Okay, so now you have a helment that confirms you're still alive. But what if you've crashed, and the life is slowly draining out of you? Well, if you're wearing a helment it's extremely unlikely this will happen, because nothing bad ever happens to people wearing helments. Even so, better safe than sorry, so here's ICEdot, the helment that will alert others if you go ass over tea kettle, scranus over coffee maker, vulvanus over French press, or whatever your preferred body part/beverage maker metaphor combo may be:
I've mentioned the ICEdot before, but I can't be bothered to look up where or when, so instead I'll just point out the following: A popular cyclocross star like Jeremy Powers probably has lots of friends--so many that he can program his ICEdot helment to send texts to his ten (10) closest pals in the unlikely event that his awesome skillz fail him and he goes ballsack over soda fountain machine on his next training ride.
But what about the rest of us? If you're a cyclist odds are you have few friends as it is, and if you're riding alone, well it's probably because you don't have any friends, so it's totally not viable. Take this guy I know who's not me. He doesn't really work per se, he mostly just goofs off on the Internet.
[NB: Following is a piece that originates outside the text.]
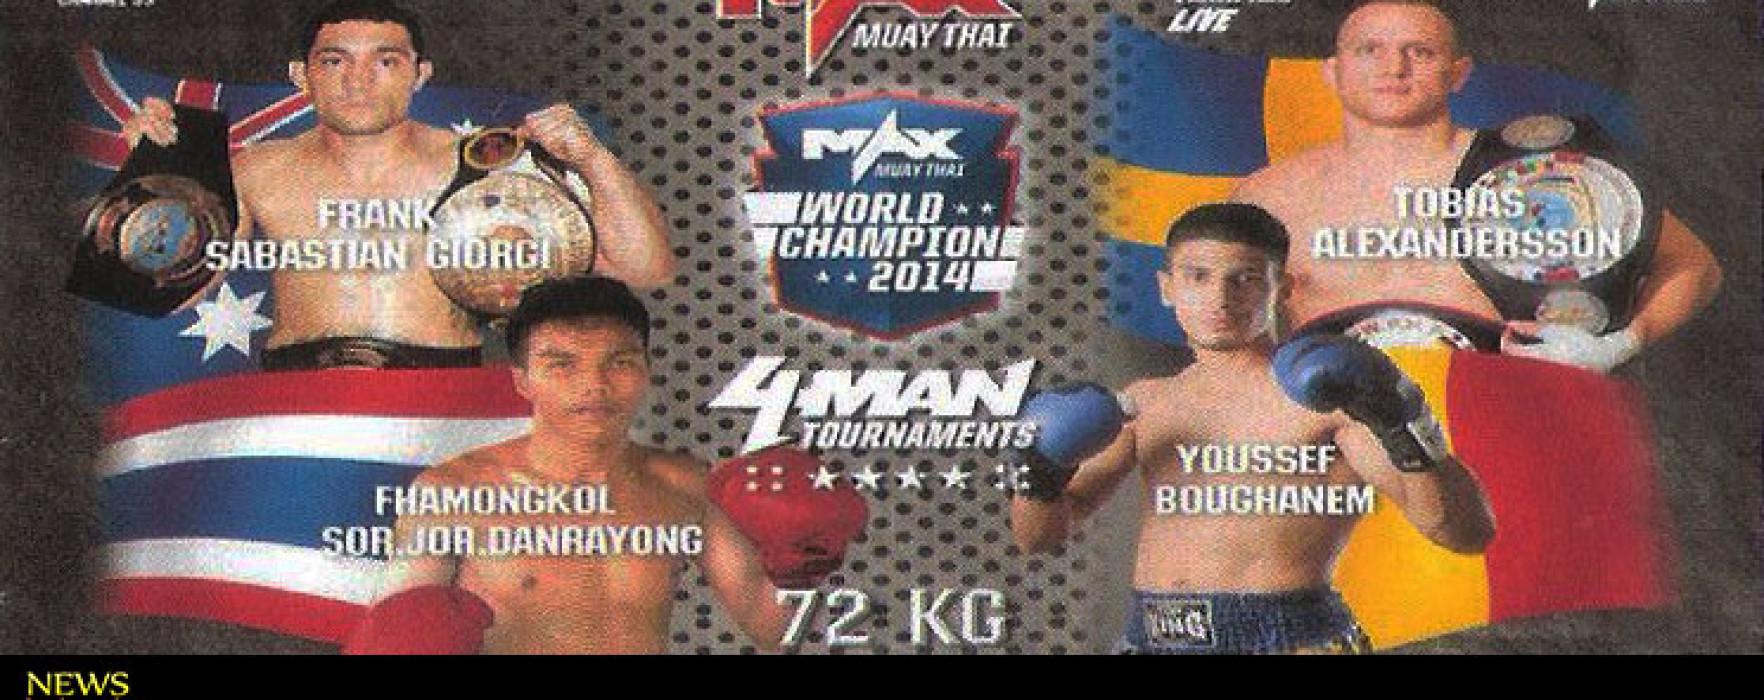 Card: Max Muay Thai World con Frank Giorgi, Fahmongkol, Jomthong, kanonguk, Vahid Shahbazi ecc

He also has no friends, because nobody can stand him, so his riding basically consists of knocking around behind shopping malls in the middle of the week. Now let's say this guy gets an ICEdot helment and he crashes, which he's bound to do because he sucks so bad. Then the ICEdot goes into his phone's contacts, but because he's such a loser the only contact in his phone is his wife, and he's not even supposed to be riding, he's supposed to clean the house before she gets home because what the hell does he even do all day? So basically he's in pain and he's in trouble.
Thanks for nothing, ICEdot.
Of course, when you're talking about helments it's easy to get carried away by the safety aspect, but what good is being safe if you don't know where you're going? Here's a helment that purports to keep you both safe and oriented, which I'm also sure I've mentioned before at some point but can't be bothered to verify:
Yep, a helment that warns you with bright lights when you venture outside of the gentrified parts of town. It had to happen.
And lastly but certainly not leastly (as far as helments go anyway), don't forget the helment that goes pee-pee on your head:
All that's left is a helment that feeds you while you ride, but I expect the Kickstarter to launch any day now.
And now lastly lastly, here's a video to which I was alerted by Stevil Kinevil:
If that guy had a MindReader helment, the "Fucking Moron" light would be strobing like crazy.